I implemented an arbitrary precision floating point class using Boosts cpp_int for the mantissa and it works fine (I am not using their cpp_bin_floats because I need to be able to dynamically change precision).
However, I think it might be possible to optimize multiplication. The way I am doing this now is:
- Add the exponents.
- Multiply the mantissas. We get a mantissa (about) twice the size.
- Truncate / shift right the result mantissa, so it has the desired length and adjust the exponent accordingly
But that means, we calculated half the digits unnecessarily. Of course we can't just truncate the two multiplicands by half. That would give wrong results. Is there an amount I can truncate the multiplicands that gives no loss of precision?
One other thought is: When multiplying two 64 bit integers, I would need a 128 bit integer to hold the result. But I can also split the two multiplicands into high and low parts, calculate them crosswise and distribute the results into two 64 bit integers like this:
low = low_a * low_b;
mid1 = low_a * high_b;
mid2 = high_a * low_b;
high = high_a * high_b;
highResult = high + (mid1 >> 32) + (mid2 >> 32);
lowResult = low + (mid1 << 32) + (mid2 << 32);
Hopefully I didn't make a mistake here. But we can see: If we only keep highResult anyway, we don't need to calculate low_a * low_b (that might give us a "carry", but I think, that is not necessary for precision). So only 3 of the 4 multiplications are necessary. This holds for any number of bits my integers has. Also: Since I only use the high parts of the mid results, I could technically use a recursive approach.

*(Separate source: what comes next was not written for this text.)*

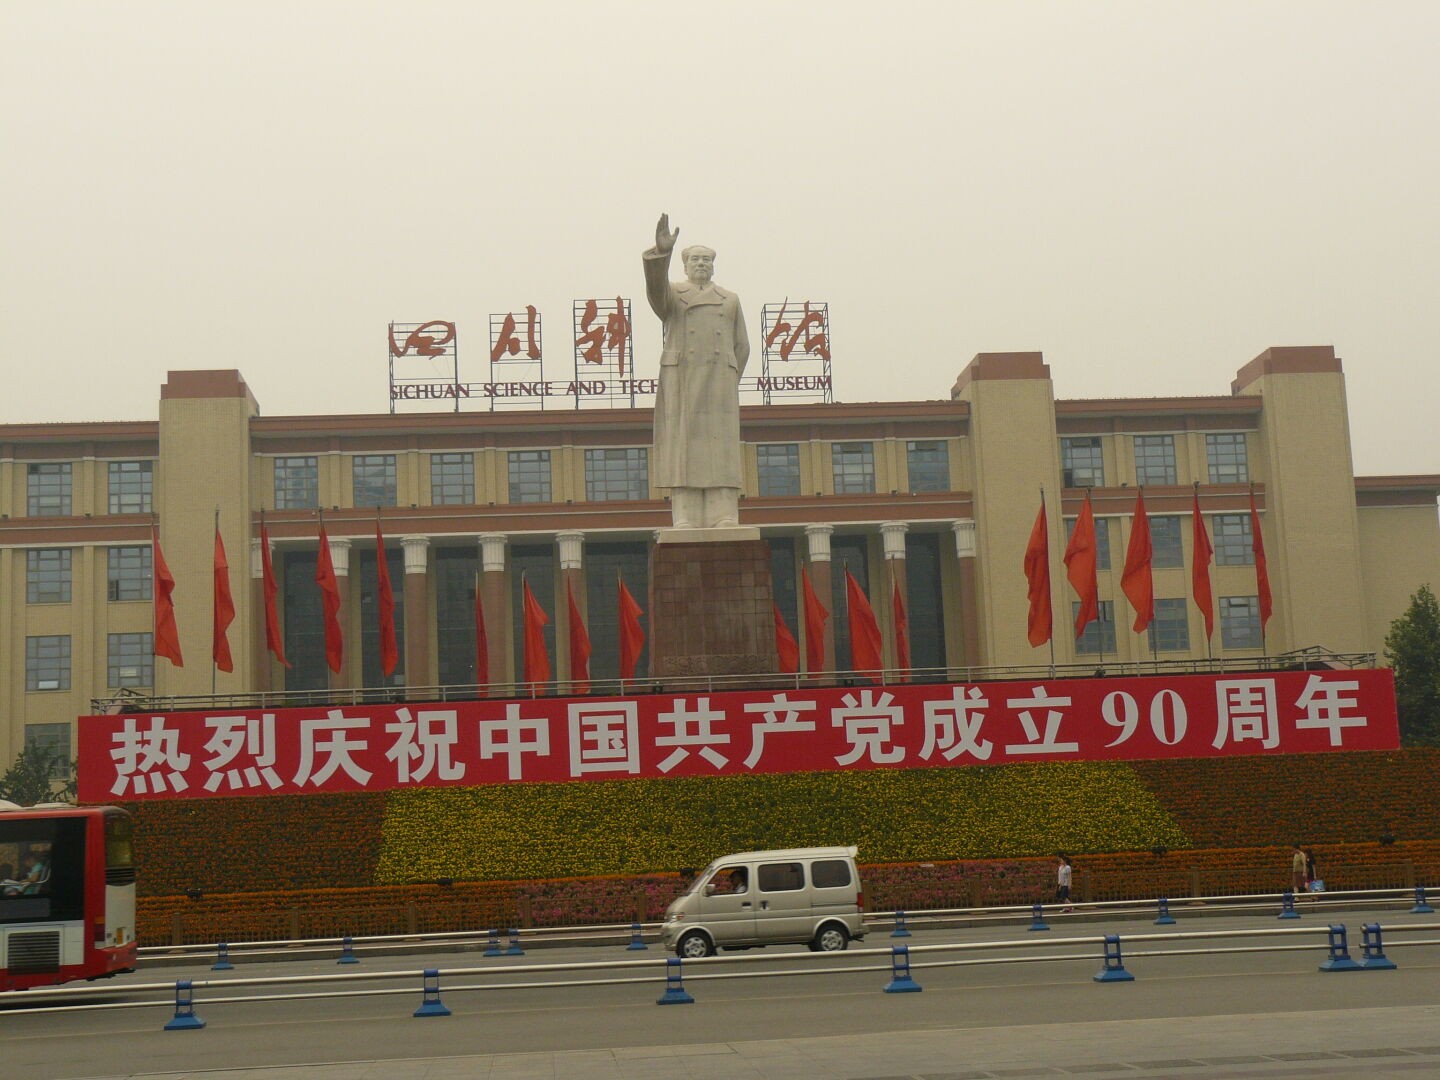 Many people had photos taken of themselves in front of the Mao statue.

Shouldn't that open up the possibility to accelerate multiplication? If so: How could I as efficiently as possible split two cpp_int? I could bitshift right by half the msb to get the high part. But I can't think of a quick operation to get the low part (first shifting right, then left again and then subtract from the original value would probably be slow for very long cpp_int, wouldn't it?).